В новом сезоне «понедельники» не возобновились. Сезон был выбит из колеи отсутствием актеров, не смогших вернуться с гастролей. Однако меры, которые, как выяснилось на «понедельниках», следует предпринять для поднятия артистического искусства, принимались. Станиславский и Немирович-Данченко начали читать лекции.
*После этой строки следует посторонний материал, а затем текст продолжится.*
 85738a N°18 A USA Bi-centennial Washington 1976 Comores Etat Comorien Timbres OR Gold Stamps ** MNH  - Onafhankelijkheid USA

Первым приступил к делу Станиславский. Он задумал цикл лекций, объединив их одной целью: «Мы будем заниматься искусством переживания». Прежде чем приступить к чтению, он набросал несколько планов того, как поведет свои занятия. Один из них содержит общие этические правила, которые вернее назвать этическими заповедями, такими же единственными в профессии артиста, как заповеди религии в жизни: «Любить чистое искусство, театр, общее направление, идею, репертуар, пьесу, ее сущность, сверхзадачу и сквозное действие, форму, постановку и, наконец, свое создание». Станиславский верен своему идеализму: он предписывает «любить», а не выполнять.
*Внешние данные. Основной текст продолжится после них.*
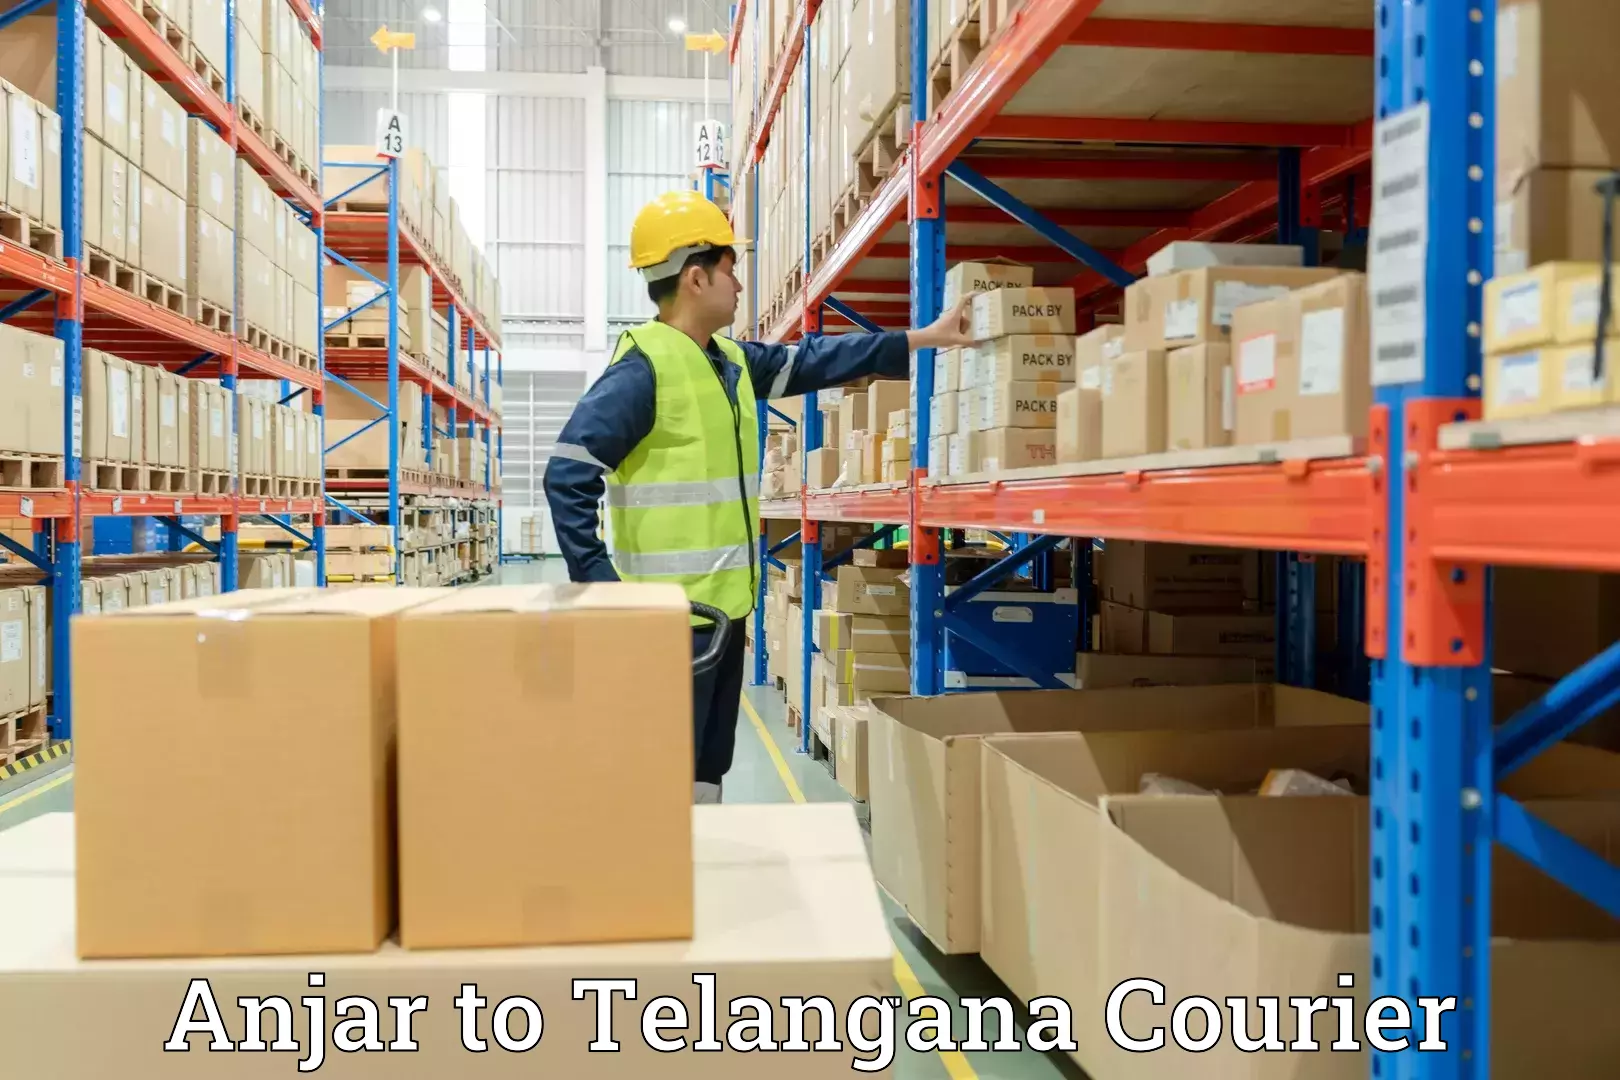 Professional moving company Anjar to Telangana

{60} Научить «любить» — дальняя перспектива его лекций, а ближний план: «занятия над собой, занятия над ролью» [74].

Встретившись на первой лекции с разной по возрасту и актерскому опыту аудиторией, Станиславский посчитал нужным сделать сперва краткий обзор смены артистических школ в истории мирового театра. Целью обзора было подвести слушателей к школе переживания. Станиславский доказывал, что при смене одной школы другой всегда побеждало приближение к искусству переживания.

Станиславский считал, что борьба двух начал — переживания и представления — вечна. Он наблюдал эти сражения в современном театре, называя антиподами искусству переживания Таирова и Мейерхольда, но соглашался, что они «необходимы» [75] как явления театрального процесса. Он даже предсказывал, что после них появится «еще кто-нибудь» [76] в подобном роде.

Над этими проблемами задумывался и Немирович-Данченко. Он говорил на «понедельниках» о своей приверженности к направлению Станиславского. Одновременно он видел в искусстве актера переживания какой-то, быть может даже неодолимый, порог. Он чувствовал, что у этого актера есть «тоска» по «вечному образу, который отразил бы все его порывы» [77]. Размышляя об этом, Немирович-Данченко, как и Станиславский, тоже касался природных актерских особенностей: «И вот здесь наше русское искусство, отличающееся отсутствием совершенной формы, и ставит мучительные преграды актерскому творчеству» [78]. Станиславский же говорил, «что ни один актер русский, по складу нашего характера, не будет ежедневно фехтоваться, массироваться, петь и т. д.» [79], как это делает Сара Бернар не только дома, но и на гастролях. Оба думали, что устранить эту национальную преграду нельзя одним механическим нарабатыванием формы, тренировкой внешних данных. В отличие от Станиславского Немирович-Данченко не надеялся, что «мучительные преграды» падут перед законами «системы». Из этого положения он не знал выхода, хотя всегда стремился его найти, пытаясь отталкиваться от литературы.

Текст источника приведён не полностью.